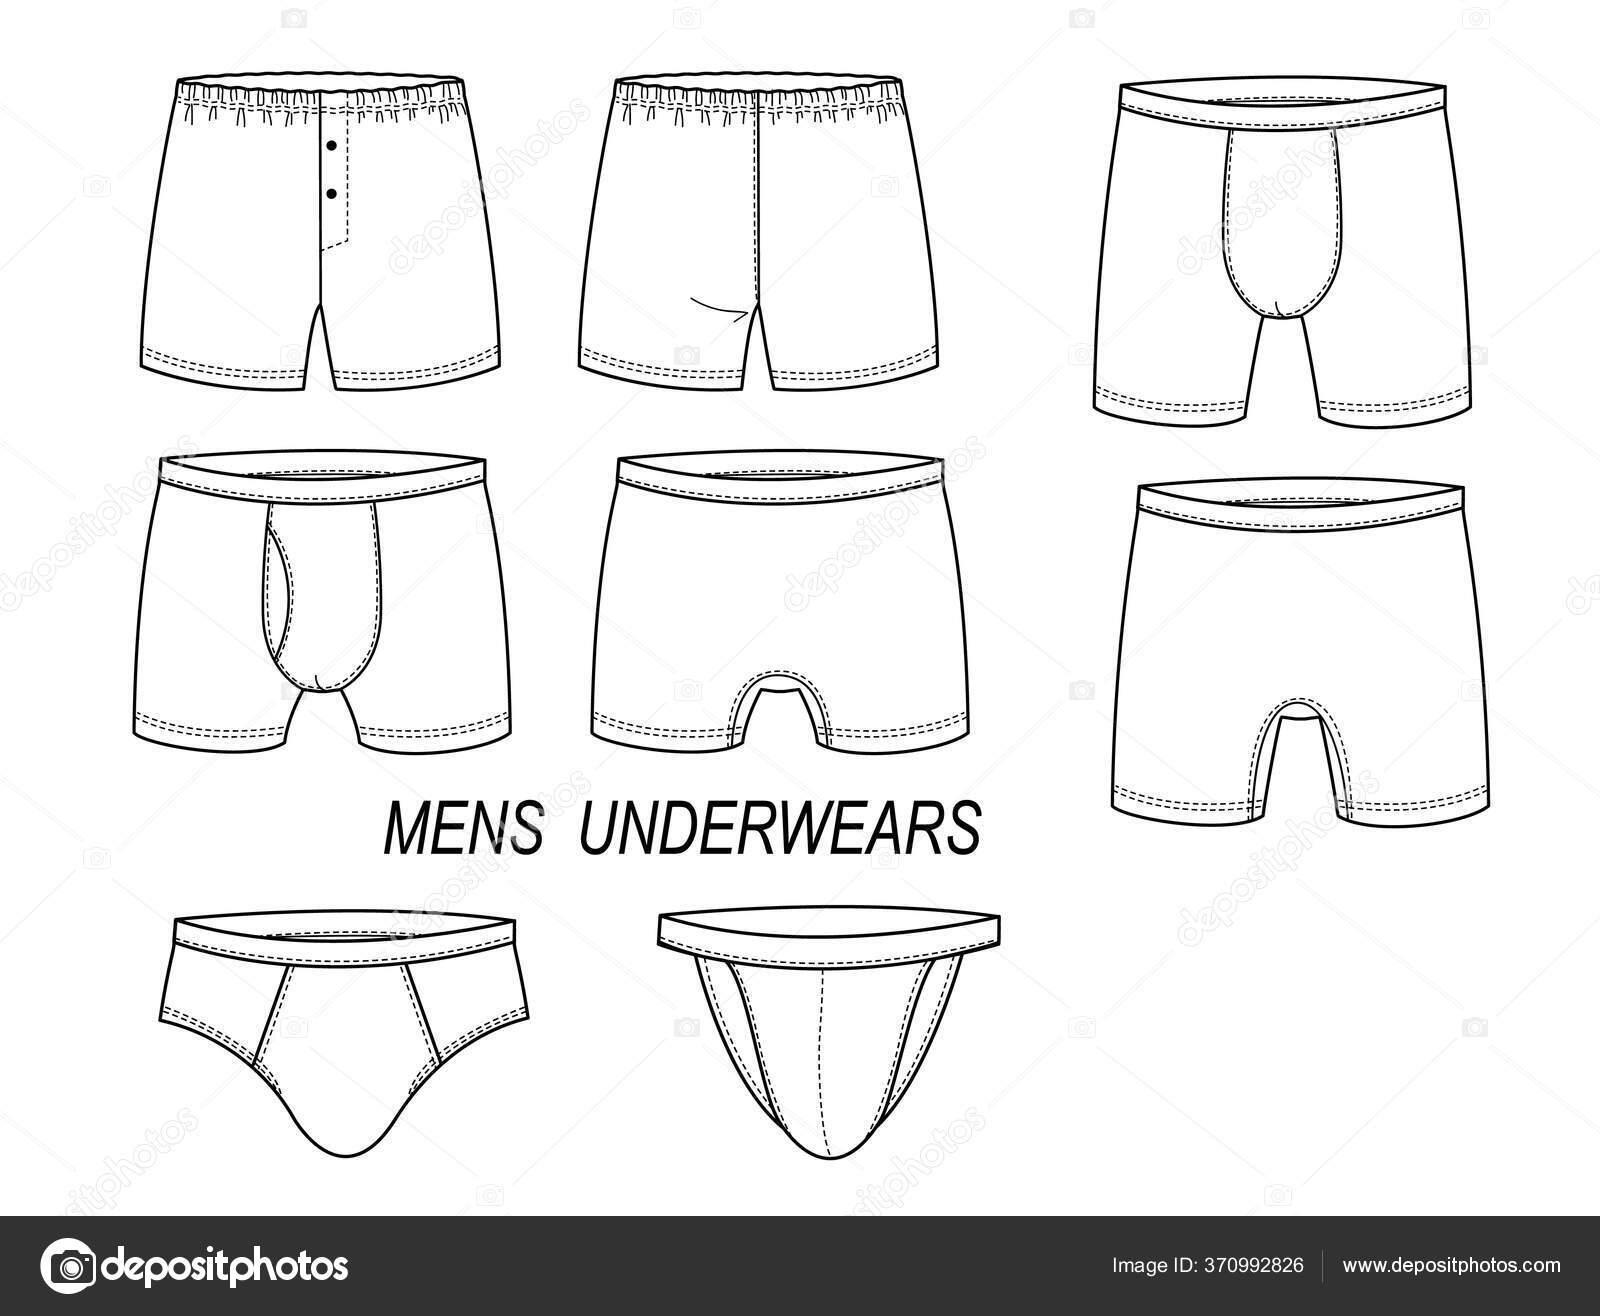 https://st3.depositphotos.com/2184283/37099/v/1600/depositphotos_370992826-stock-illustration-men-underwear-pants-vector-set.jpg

================

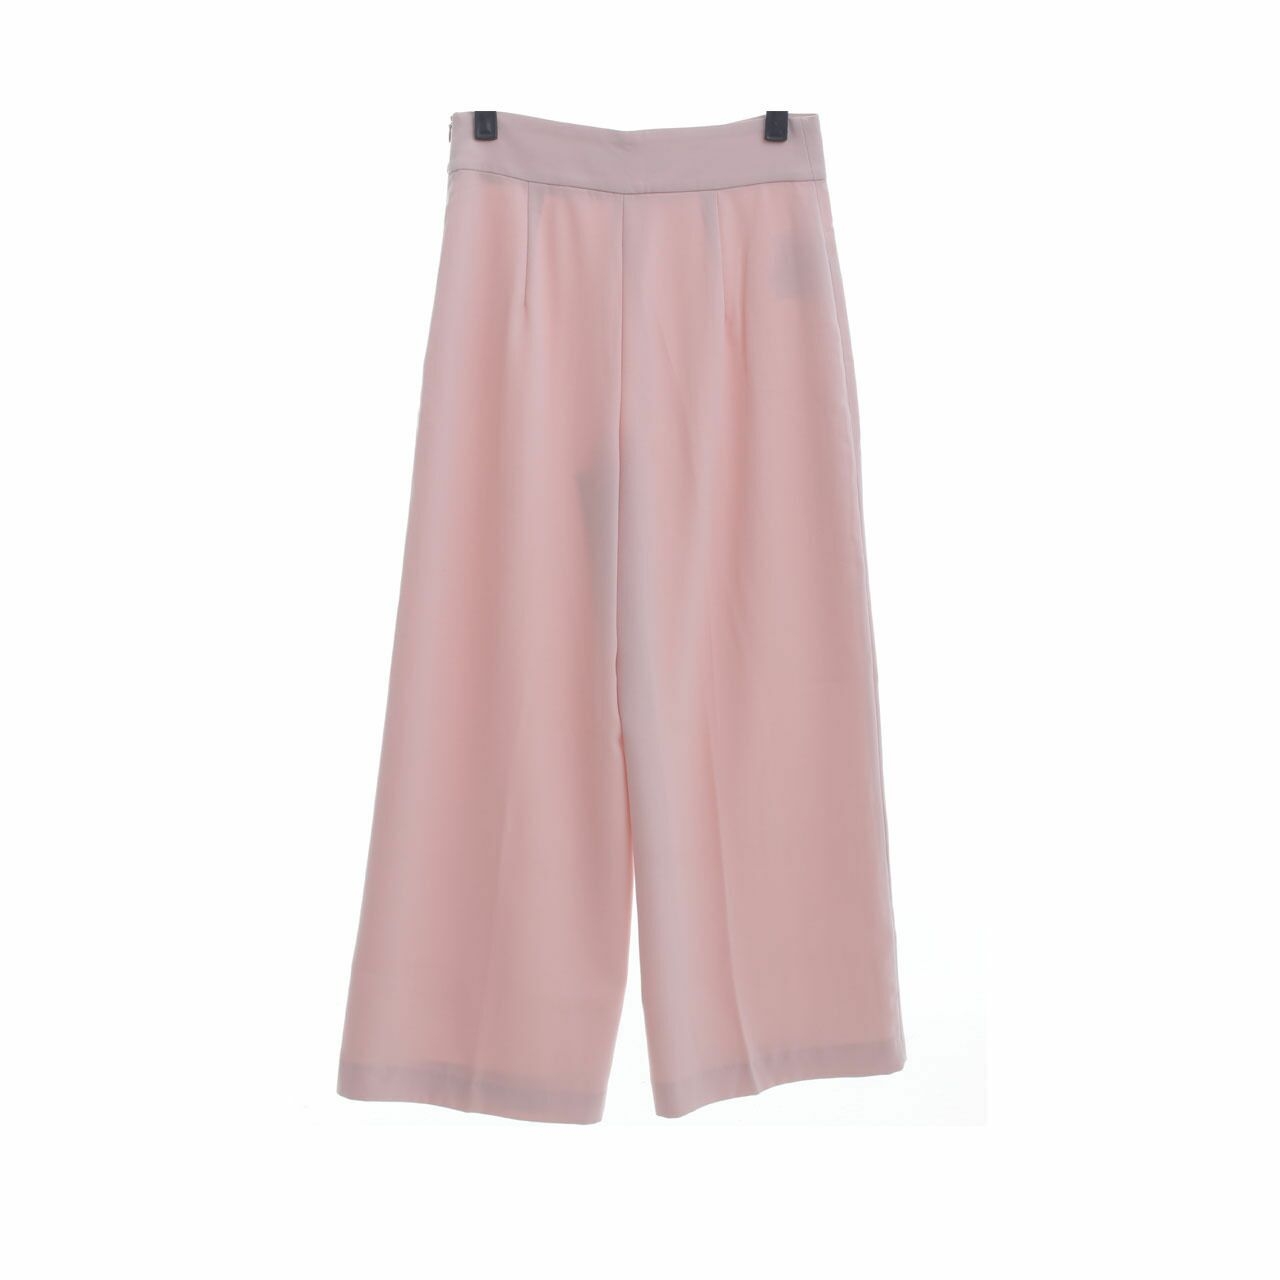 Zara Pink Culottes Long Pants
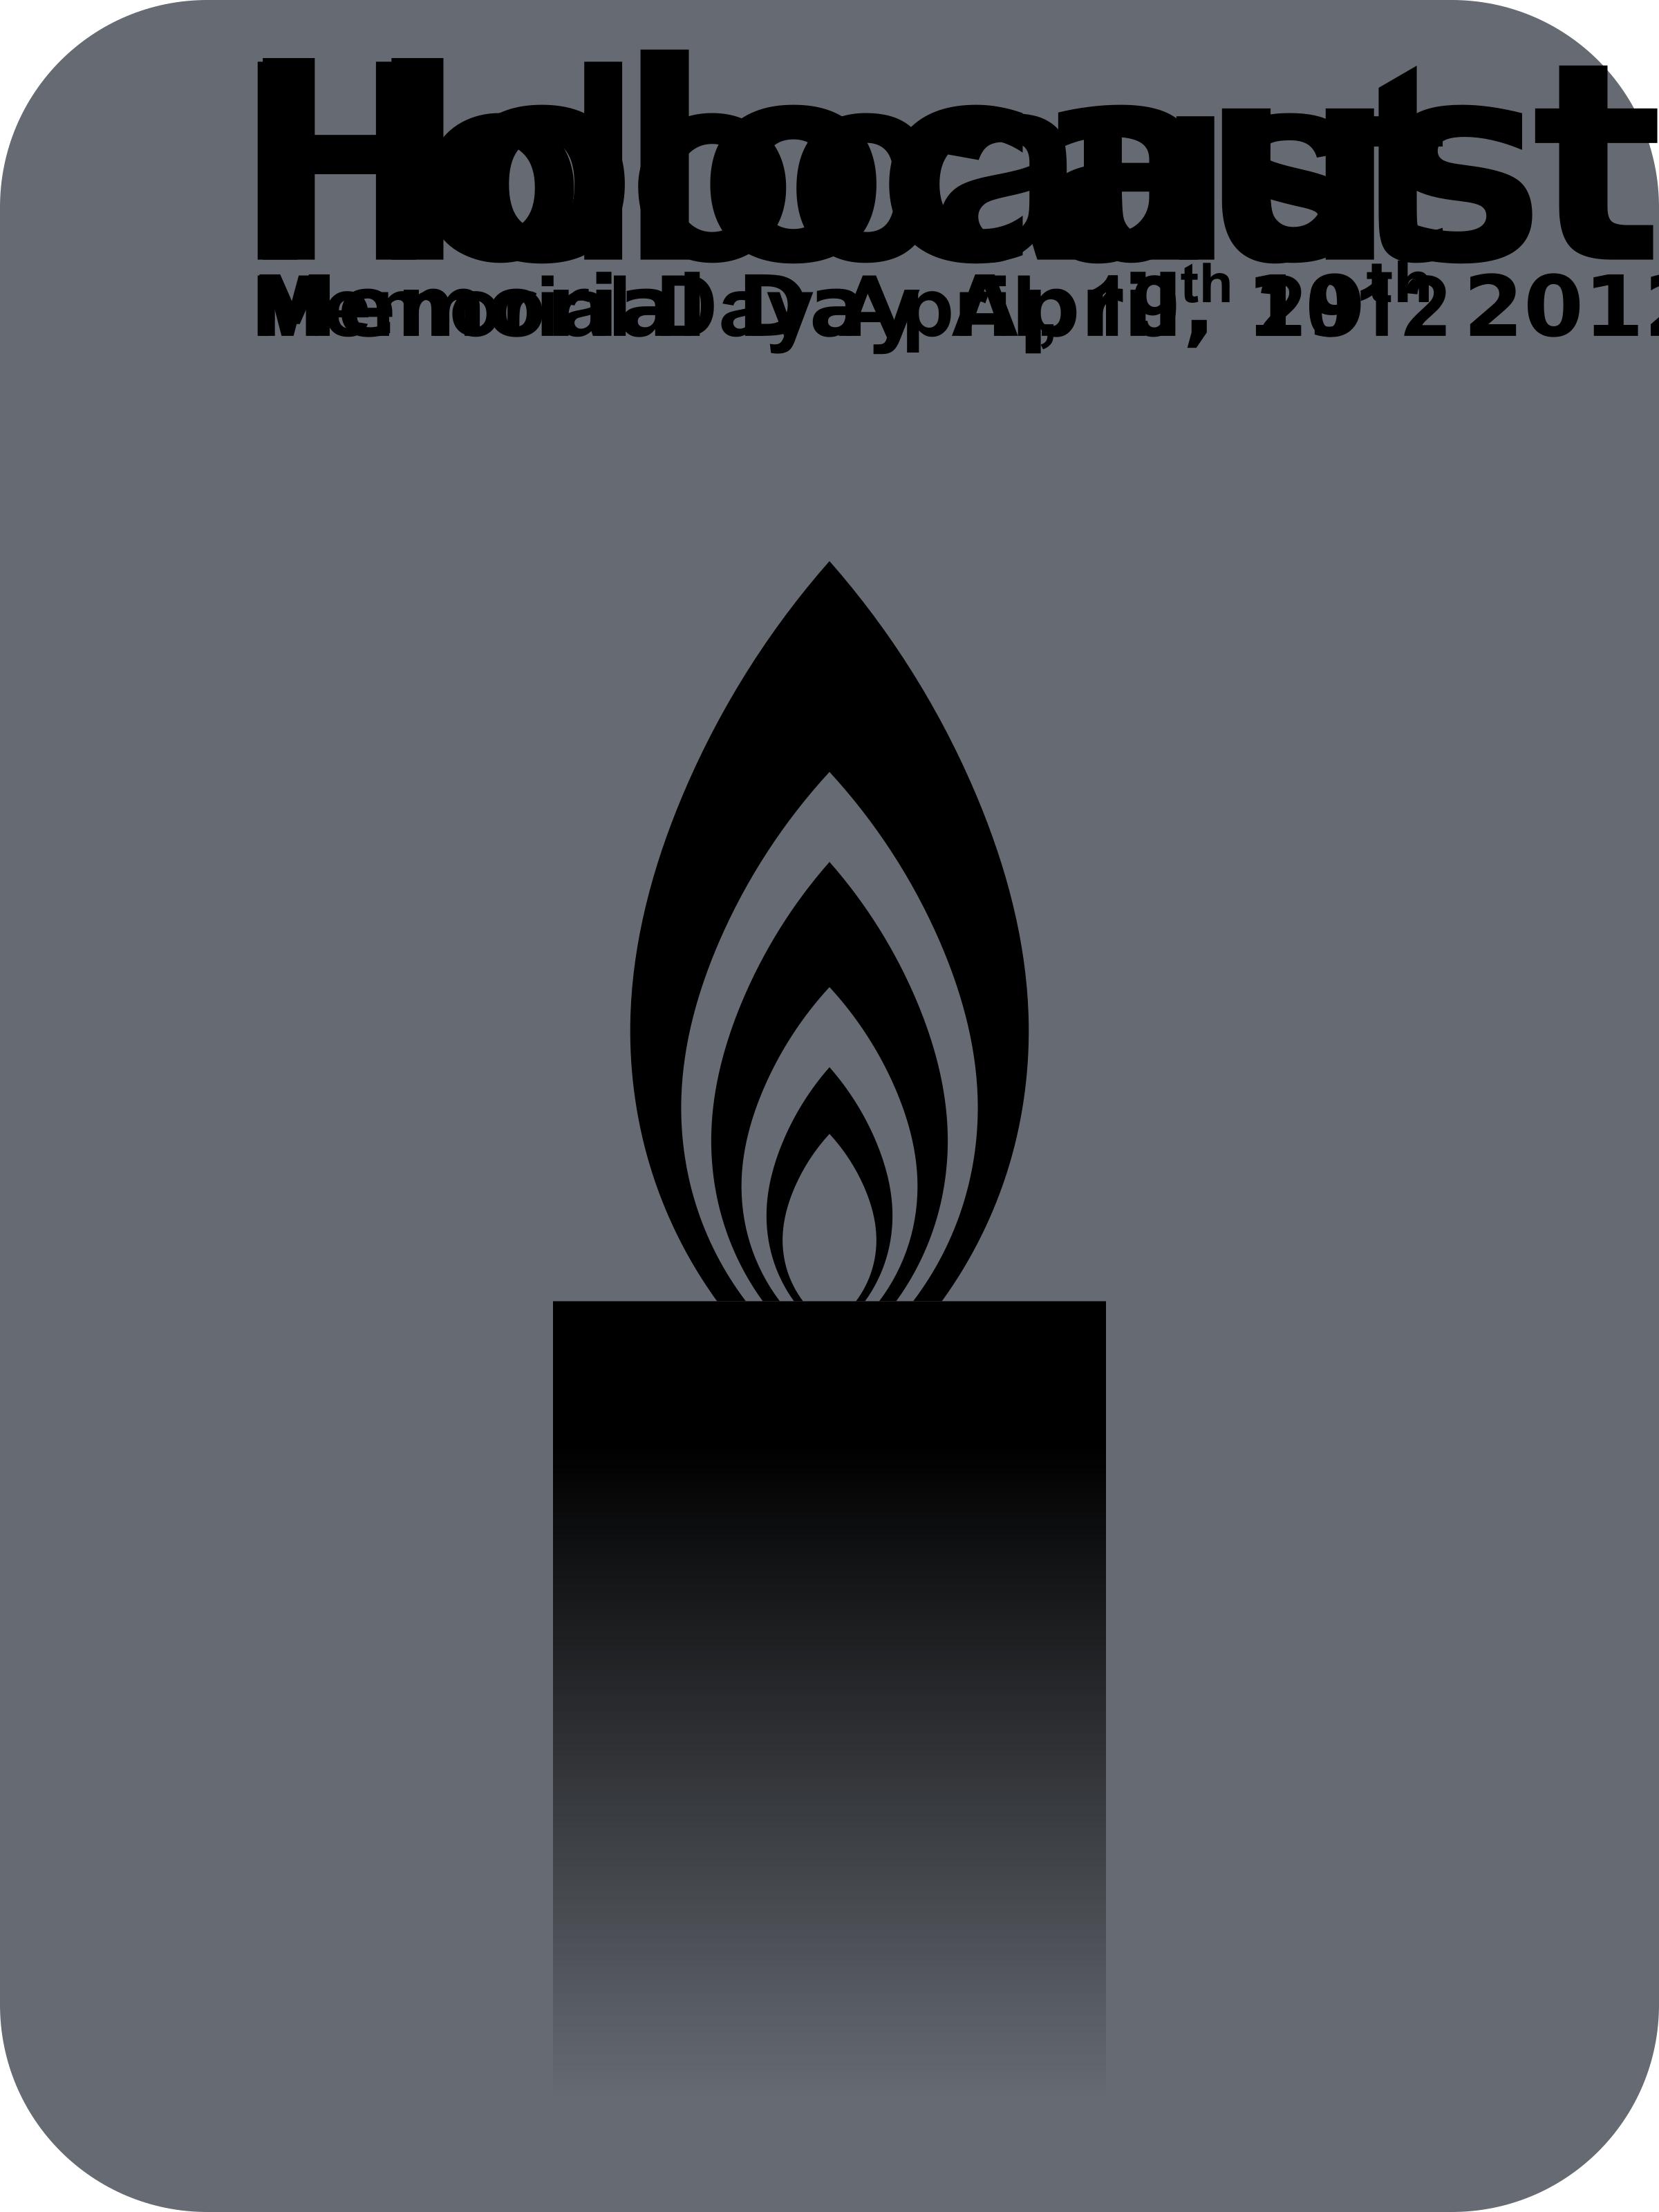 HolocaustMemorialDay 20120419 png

================

◆ WHAT THE EXERCISE ASKS
Using the data above, copy exactly the lines from the one containing "Zara Pink Culottes Long Pants" to the one containing "HolocaustMemorialDay 20120419 png", inclusive. Exclude the pictures.

◆ RESPONSE TO THIS TASK
 Zara Pink Culottes Long Pants
 HolocaustMemorialDay 20120419 png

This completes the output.